On Wednesday, the Securities and Exchange Commission proposed rules disqualifying felons and other “bad actors” from Rule 506 offerings. In 2007, I submitted this comment letter arguing, among other things, that the SEC should not impose mandatory disqualification on Regulation D offerings. Now, the SEC no longer has a choice because Section 926 of the Dodd-Frank Act mandates the adoption of disqualification rules for Rule 506 offerings.
Much ado about nothing?
Although on its face it seems reasonable to bar convicted felons and other nefarious people from relying upon Rule 506, the bar actually makes little sense. Rule 506 is a non-exclusive safe harbor exemption (see Preliminary Note 3 to Regulation D). Thus, if the only deficiency is a “bad actor” disqualification, it seems that the offer and sale will be exempt under Section 4(2) of the Securities Act of 1933.
Weakening of investor protection?
To the extent that the SEC believes that the conditions imposed by Rule 506 enhance investor protection, denying issuers the opportunity to rely on Rule 506 will have the unintended consequence of removing incentives to meet those conditions. (As set forth in my comment letter mentioned above, I believe that the conditions to Rule 506 are discriminatory and increase investor risk, but that’s a topic for a different blog.)
Bigger role for states?
Disqualification, however, will have an impact – disqualified offerings will need to focus on Blue Sky requirements.
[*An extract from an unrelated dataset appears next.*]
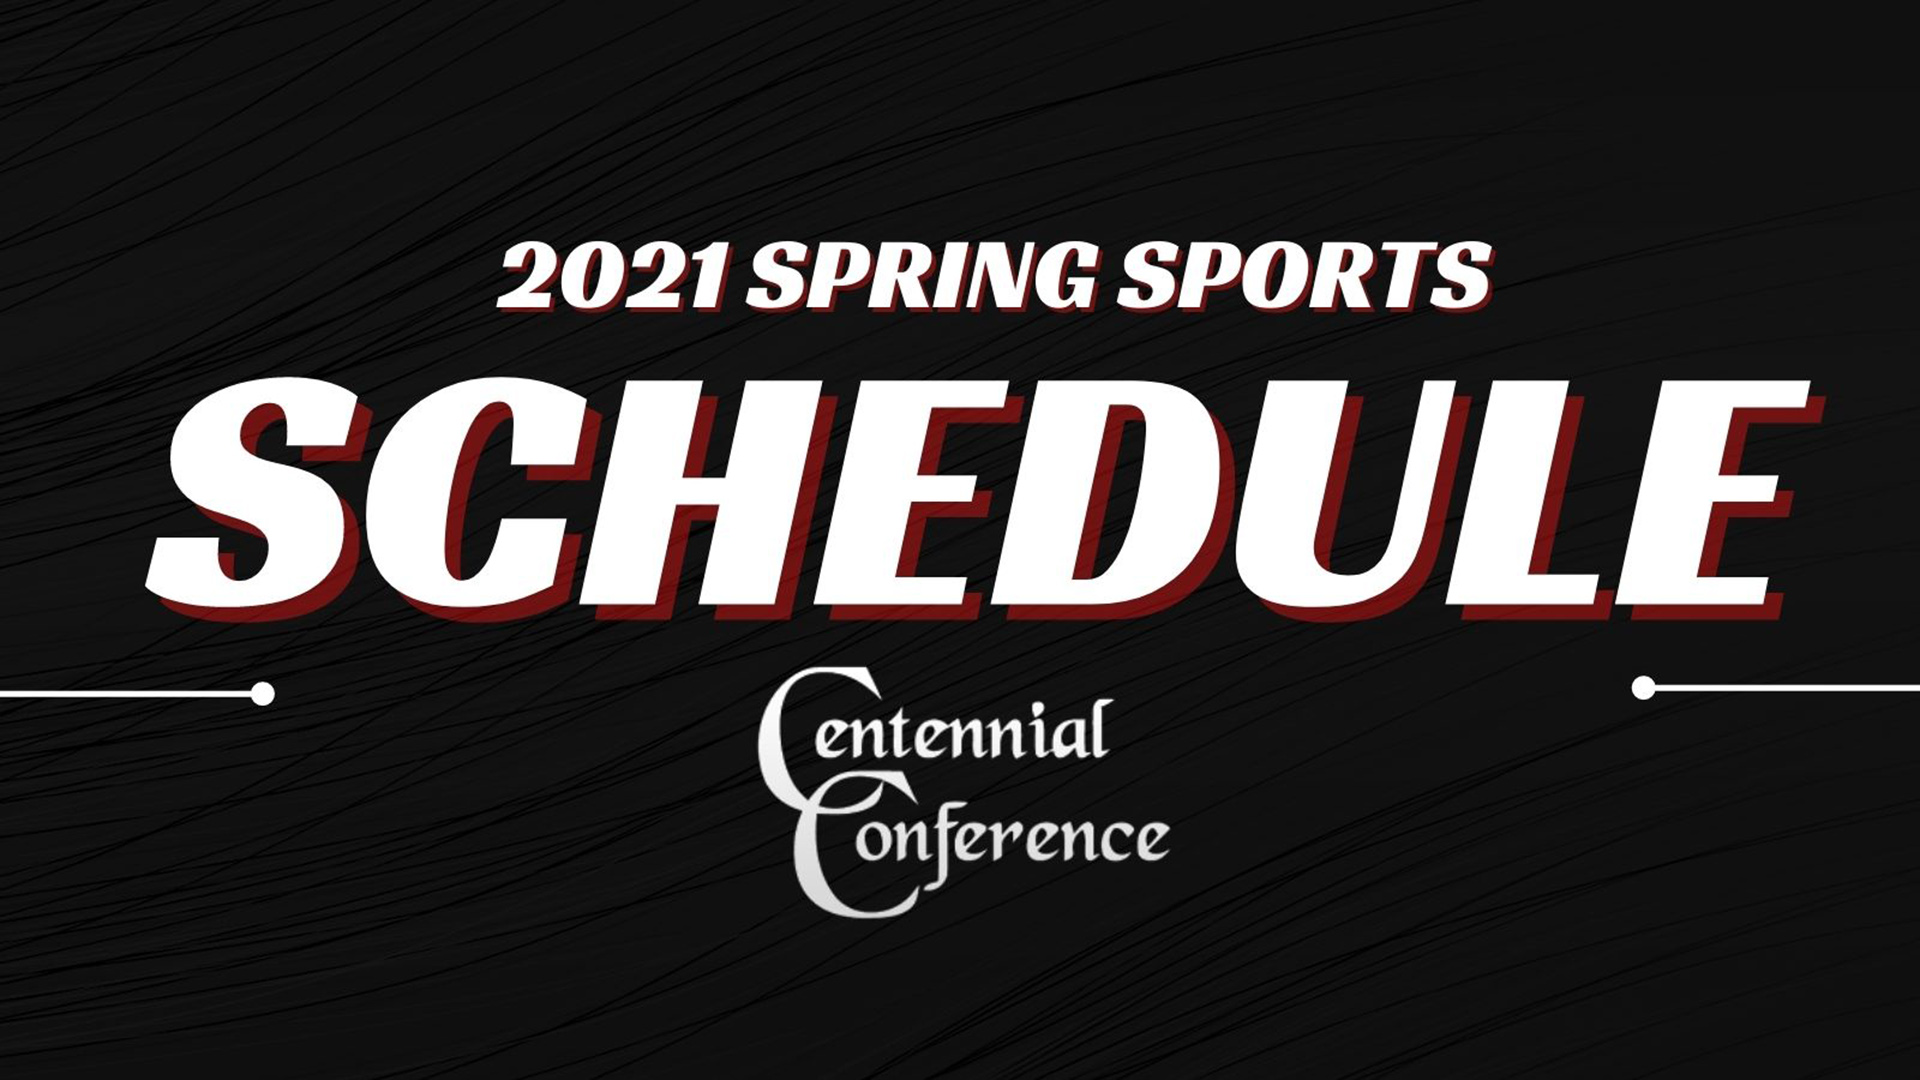 Centennial Conference Announces Spring Schedules

Section 102 of the National Securities Markets Improvement Act of 1996 (NSMIA) preempts state qualification requirements with respect to transactions exempt from registration pursuant to Rule 506. Disqualified offerings will therefore not have the benefit of this preemption and will need to either qualify the offer and sale or identify an appropriate exemption (such as Corporations Code Section 25102(f) which imposes no such bar). Thus, Congress may have unintentionally returned to the states greater regulatory authority over private placements.